This post originated from an RSS feed registered with Python Buzz
by Andrew Dalke.
Original Post: Ruminations about DAS2
Feed Title: Andrew Dalke's writings
Feed URL: http://www.dalkescientific.com/writings/diary/diary-rss.xml
Feed Description: Writings from the software side of bioinformatics and chemical informatics, with a heaping of Python thrown in for good measure.
I visited Gregg Helt at Affymetrix last week. He's in their
Emeryville office, which is only a few blocks from where he was when I
last met him at Neomorphic. Must have been late August 1999 since it
was just after the OiB conference in San Jose. I think that was also
the last time I drove out to the Bay Area instead of flying.

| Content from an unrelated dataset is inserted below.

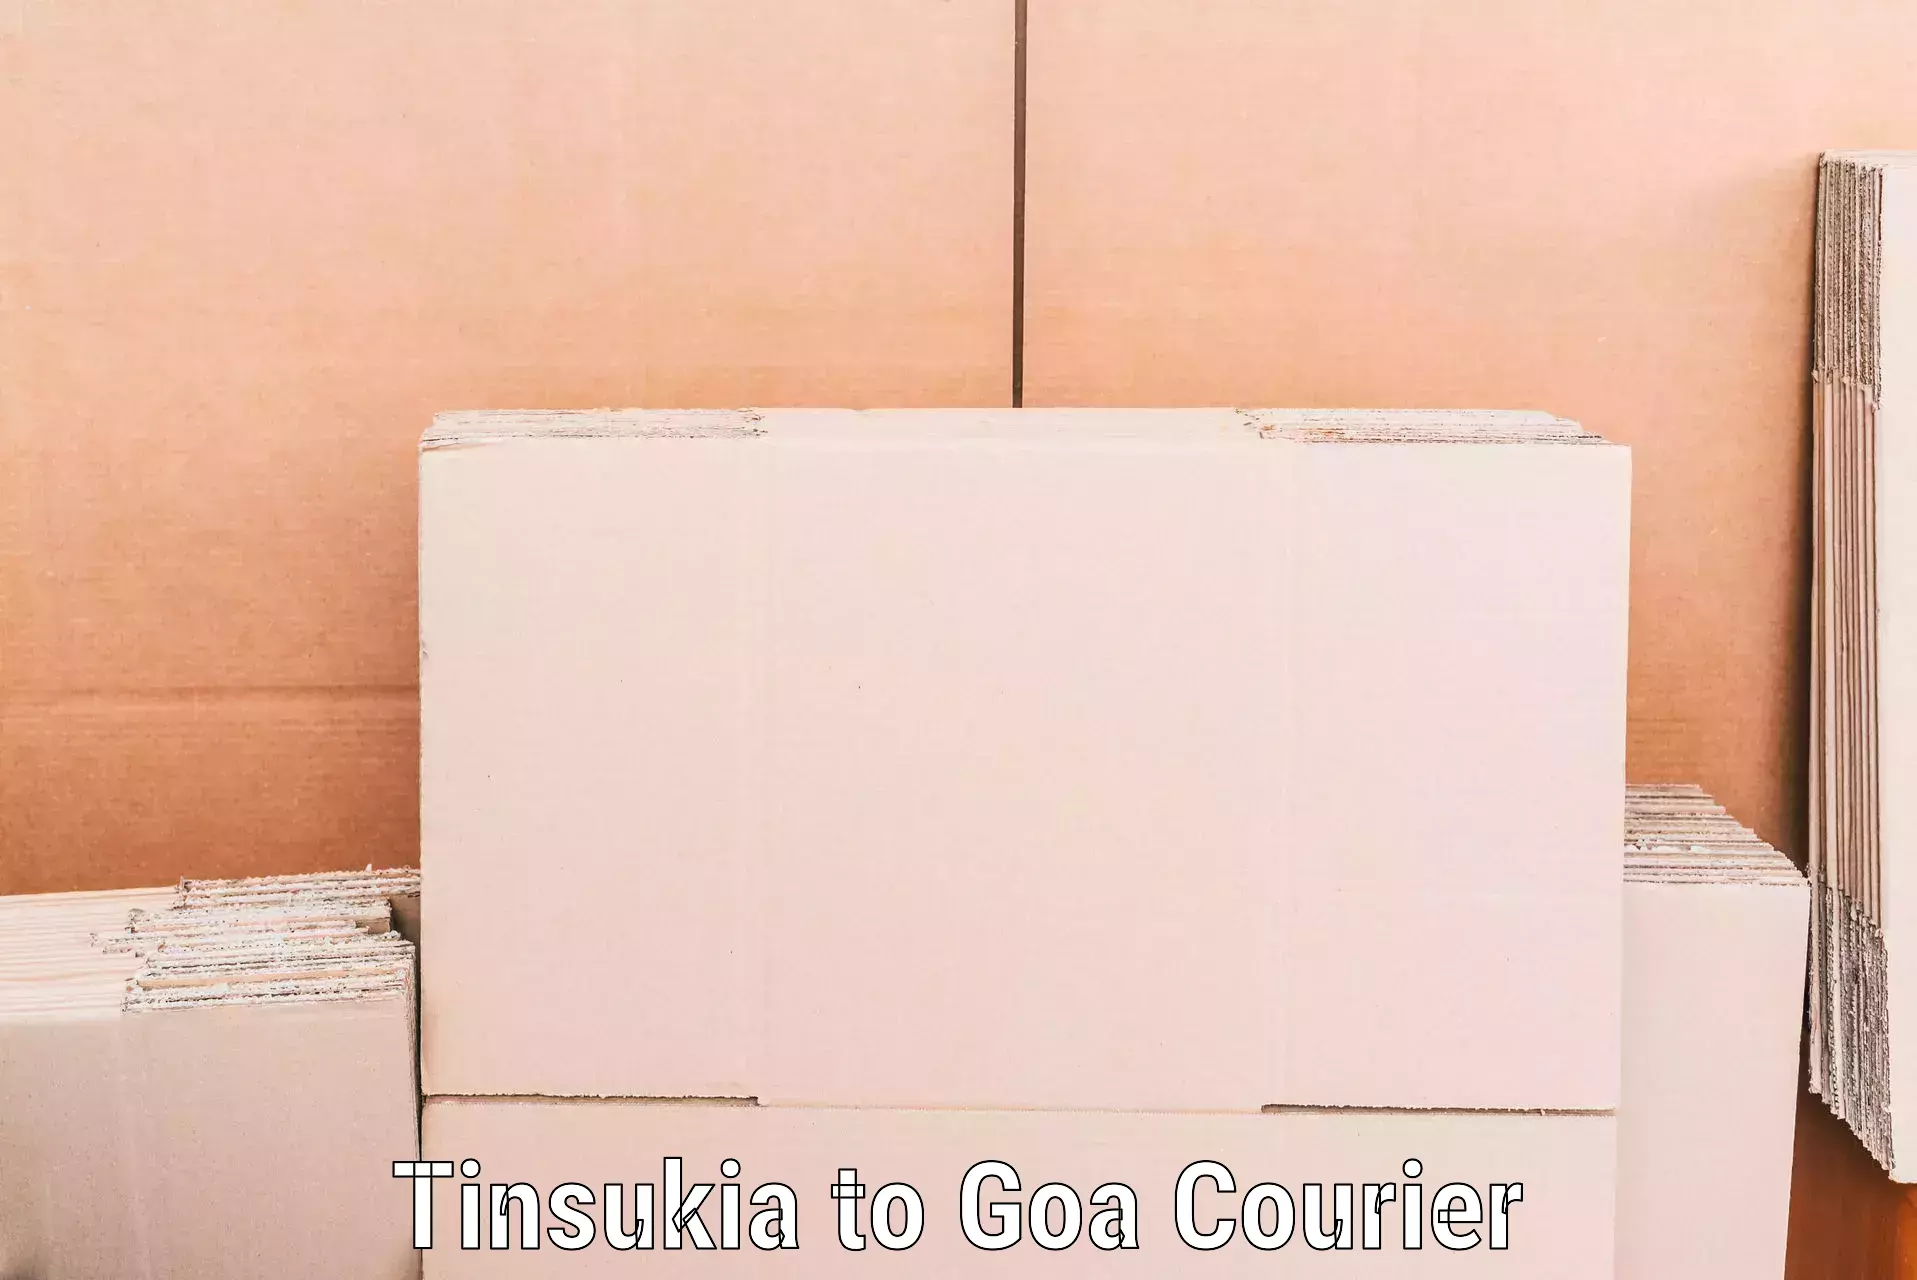 Home shifting experts Tinsukia to Goa

We chatted about a few things. The big one was the DAS2 proposal,
which got a 125 in the review, which I'm told is good. This is the
first time I've been on a grant since grad school, and I wasn't that
involved then. I enoyed the conversation and look forward to working
with him in Lincoln in a few months if this thing really does go
through. Should hear about that soon.
Gregg mentioned playing around a bit with the content negotiation idea
I proposed it during some of the the DAS2 RFC discussions. His point
was that he controls both server and client and they can collude to
return data in a more appropriate form, eg, in a form which is easier
for the client to process or which reduces the amount of data sent
over the wire. He's pretty happy with the result.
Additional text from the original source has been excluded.